Material for this exercise:
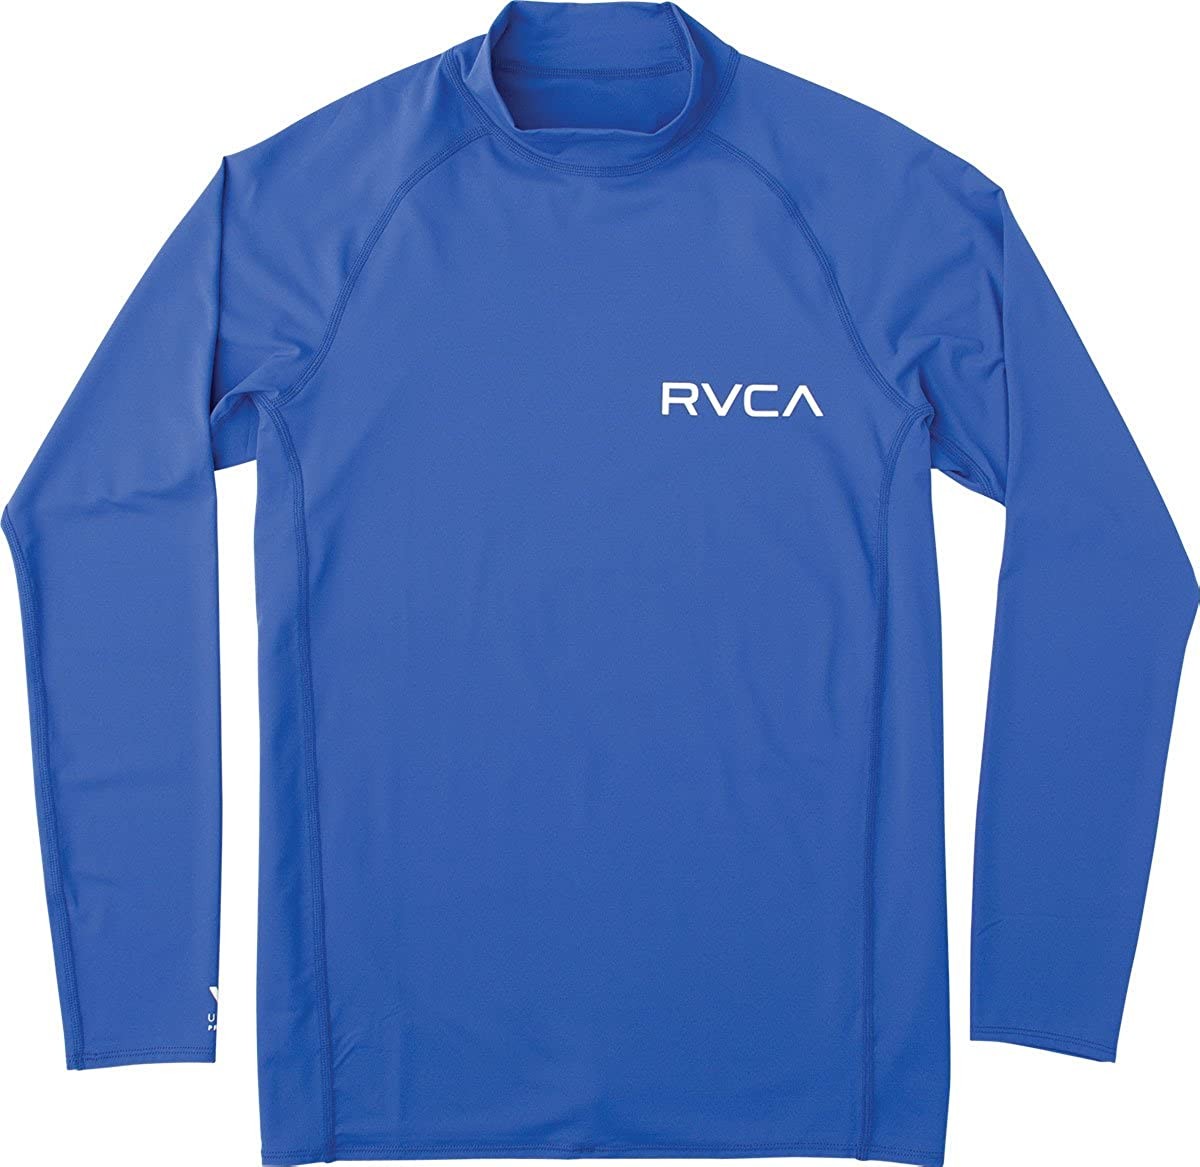 RVCA Boys Big Solid Long Sleeve Rashguard
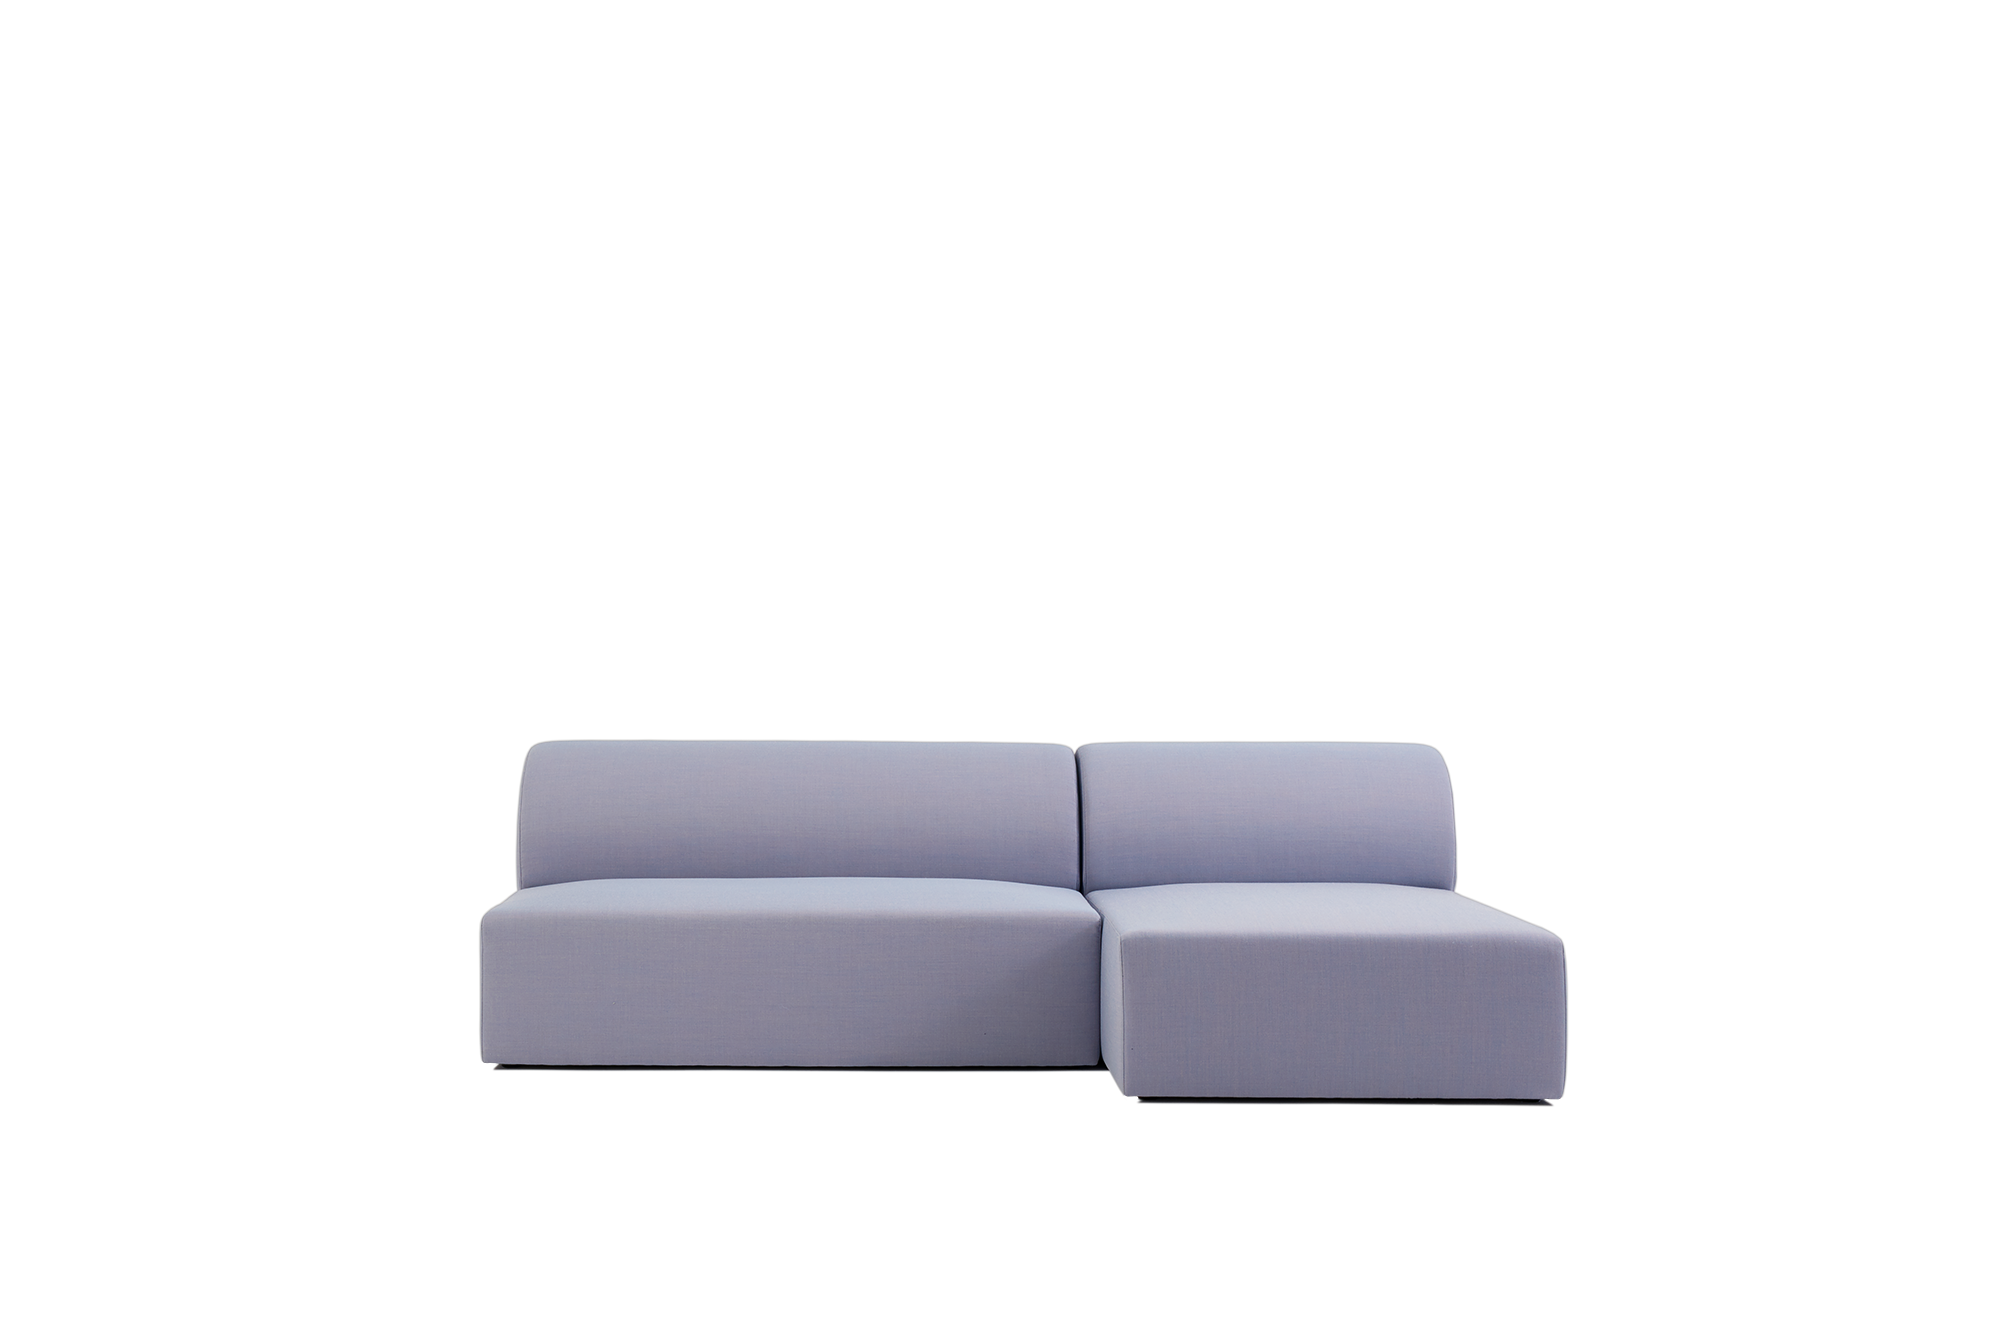 Full Size of Modulares Sofa Ikea Lennon Dhel Kissen Leder Modular Set Flex System Westwing Mit Schlaffunktion Weber Modulsofa Designs Objekte Unserer Tage Baxter 2 5 Sitzer Sofa Modulares Sofa
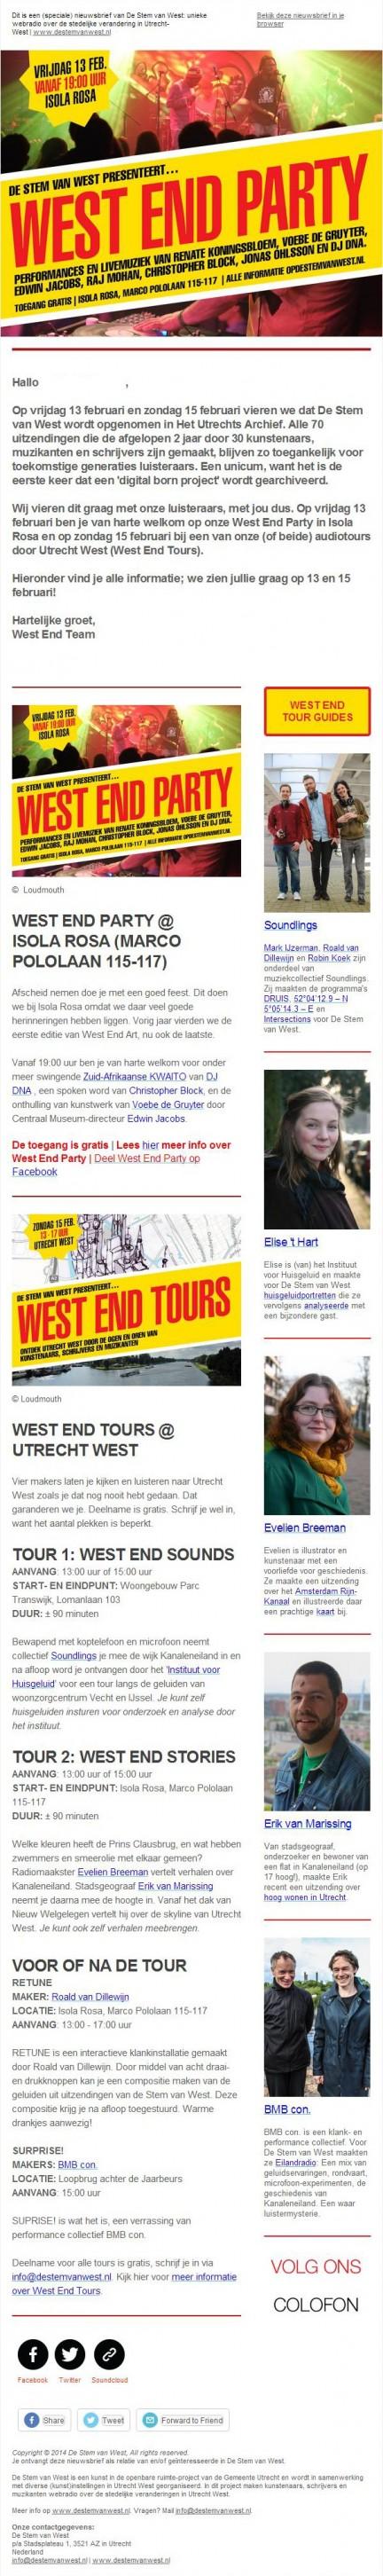 nieuwsbrief 21 - uitnodiging west end tours & party 13 en 15 feb 2015
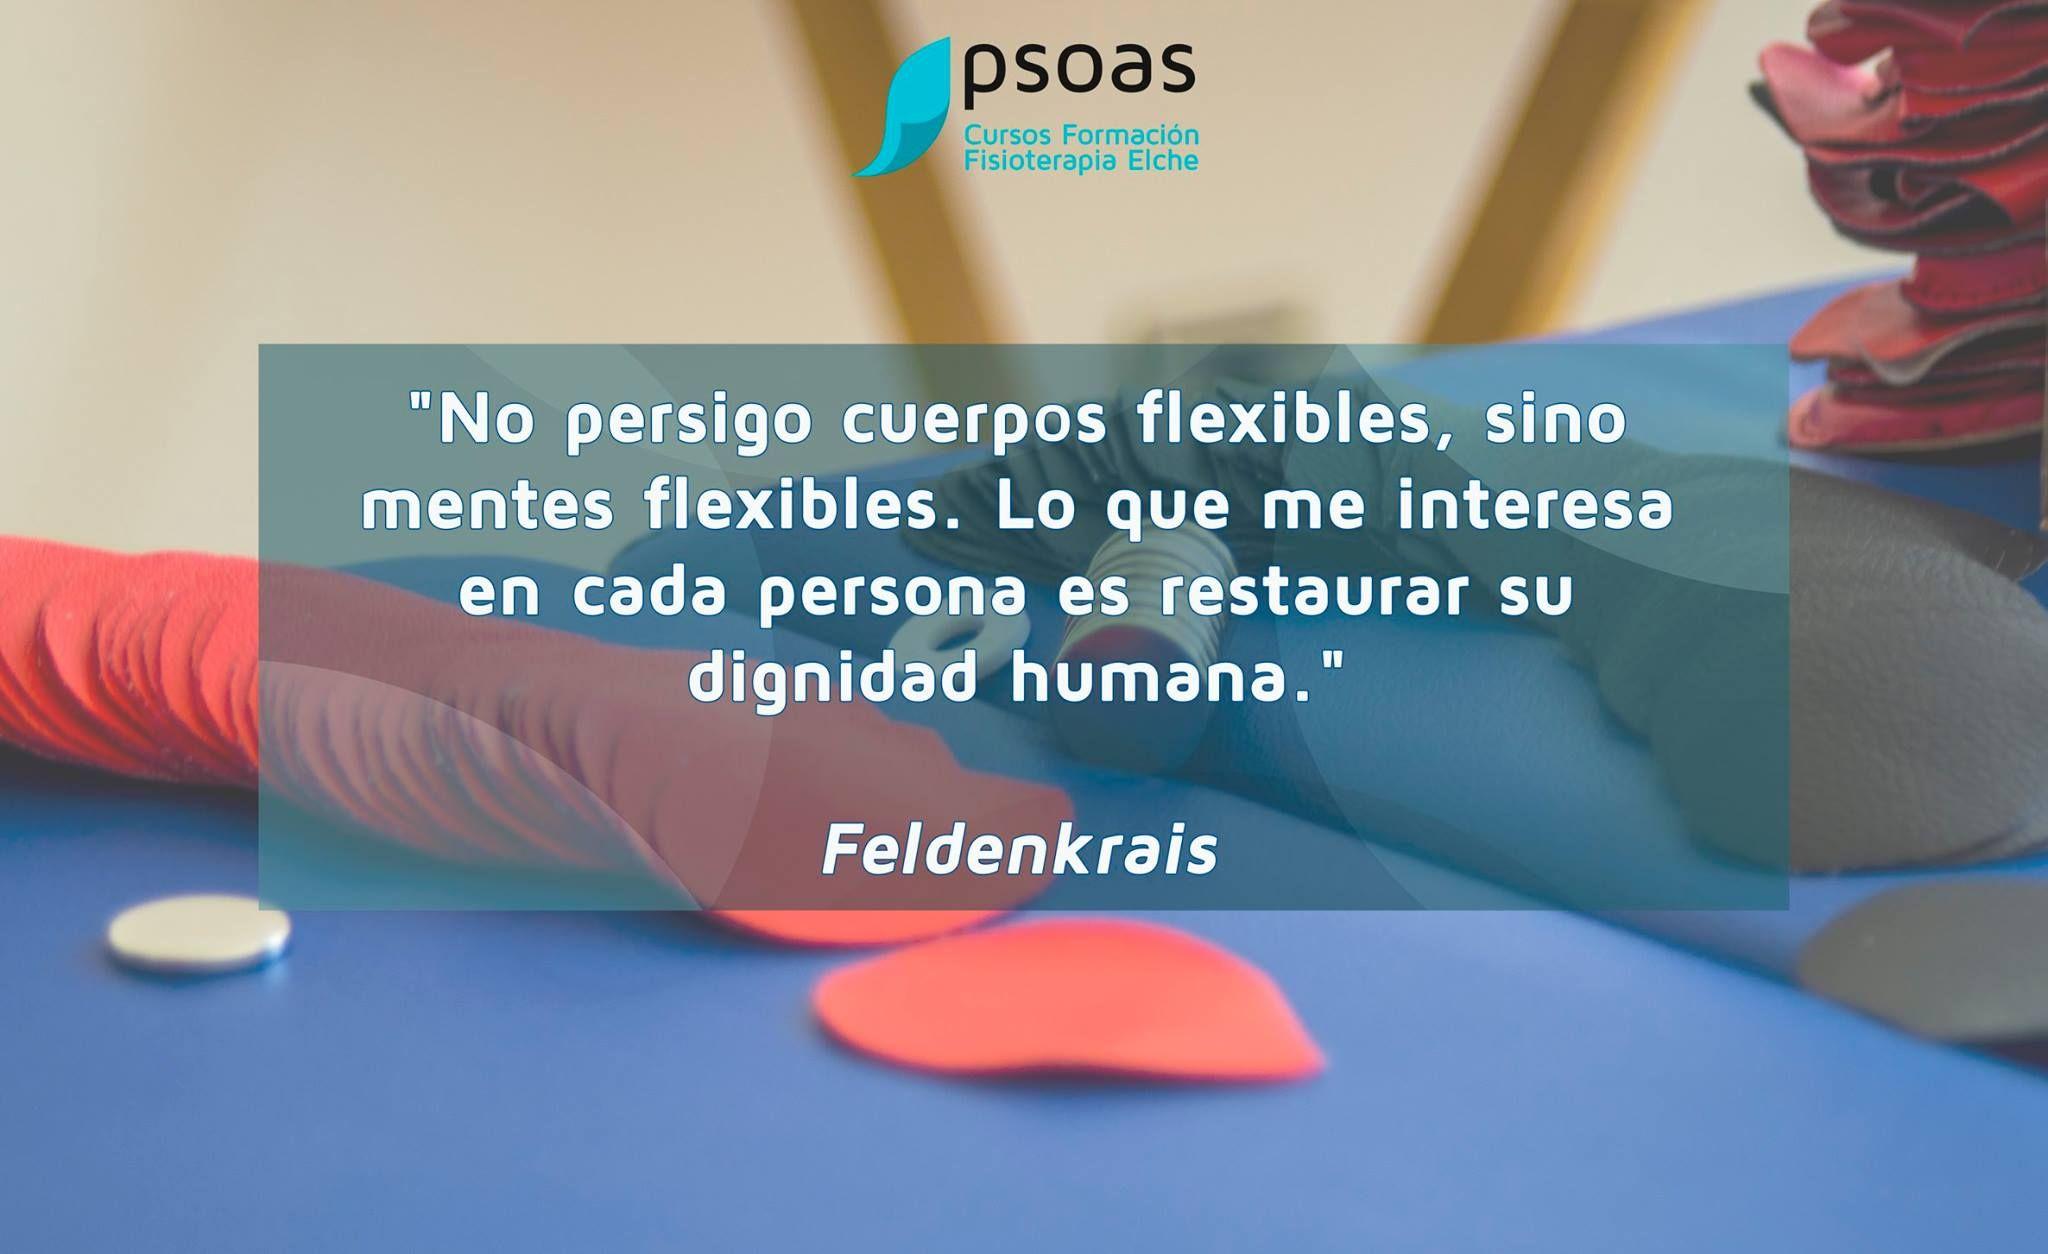 No persigo cuerpos flexibles sino mentes flexibles #osteopatia #fisioterapia
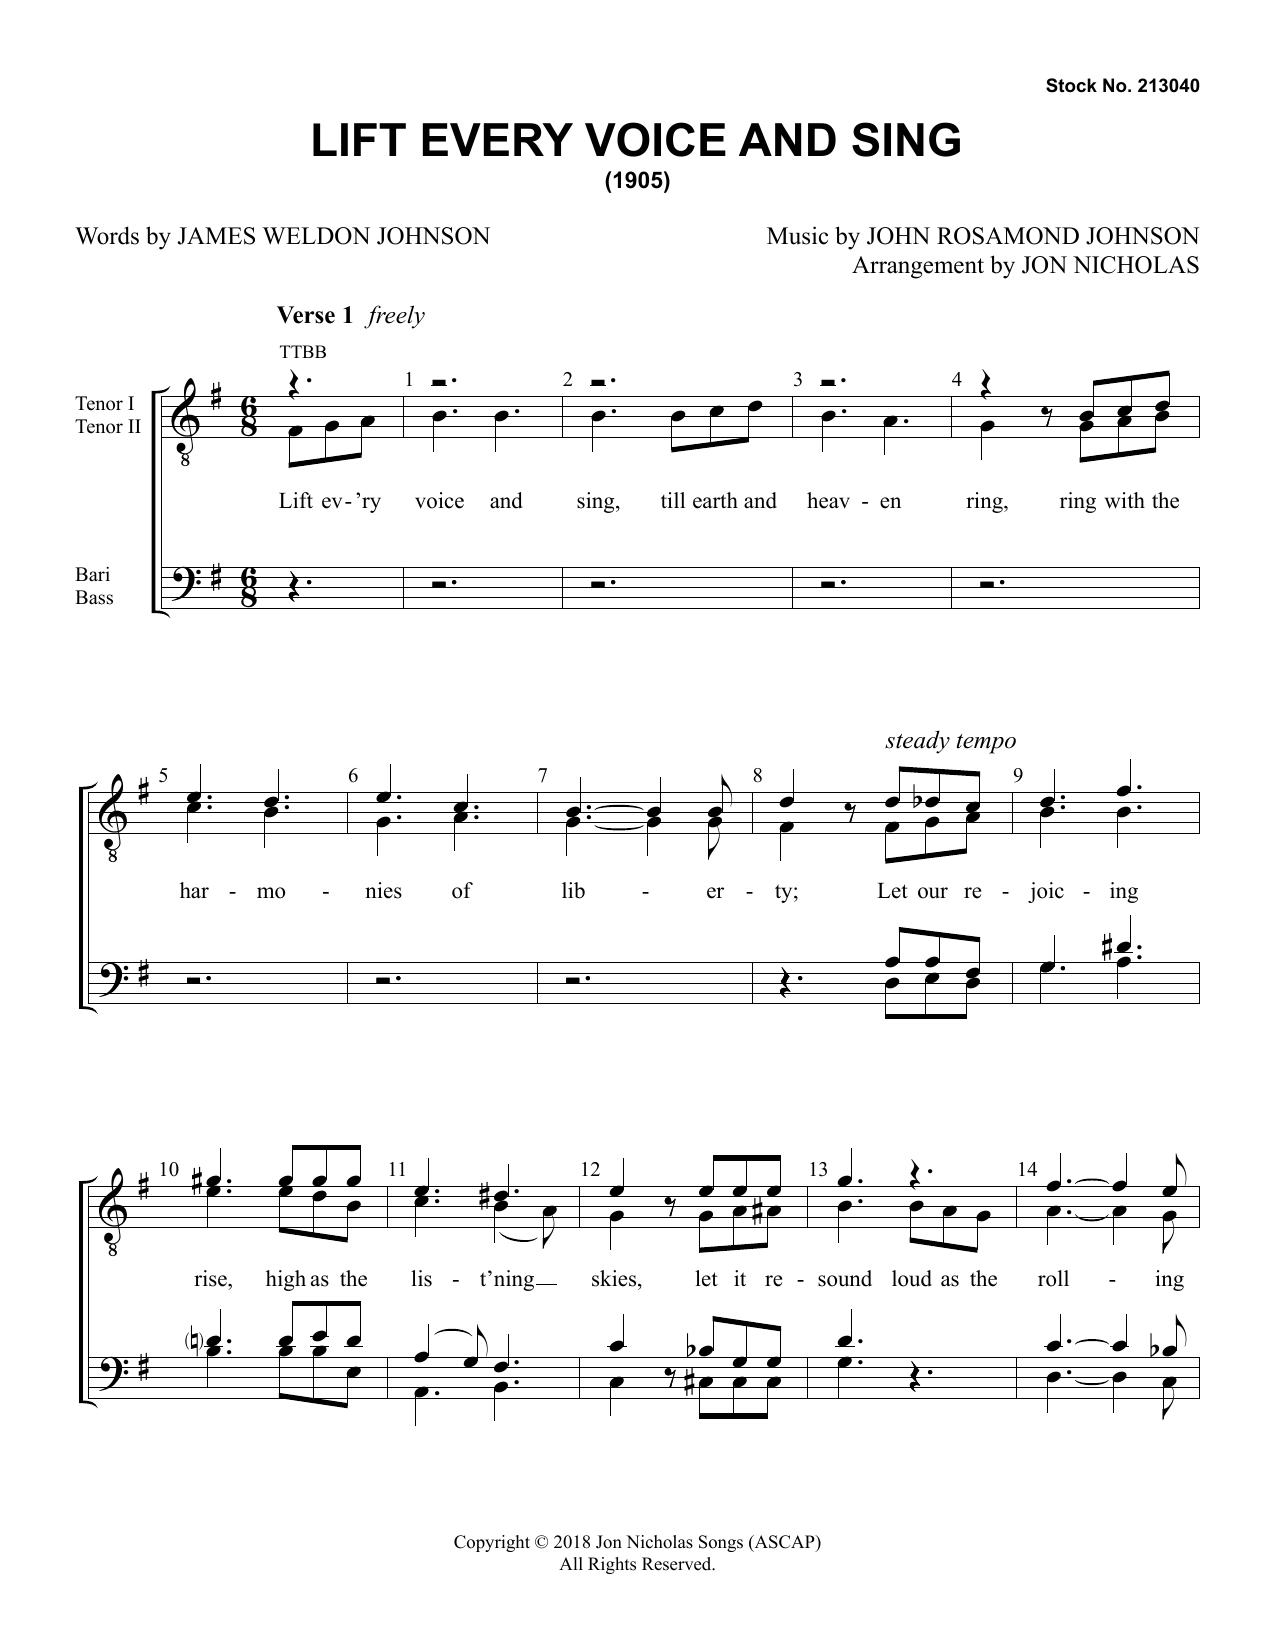 Lift Every Voice and Sing (arr. Jon Nicholas) (Choir)

Problem:
Give back exactly the lines from the line with "nieuwsbrief 21 - uitnodiging" through the end of the material above, and omit every picture.

Answer to this problem:
 nieuwsbrief 21 - uitnodiging west end tours & party 13 en 15 feb 2015
 No persigo cuerpos flexibles sino mentes flexibles #osteopatia #fisioterapia
 Lift Every Voice and Sing (arr. Jon Nicholas) (Choir)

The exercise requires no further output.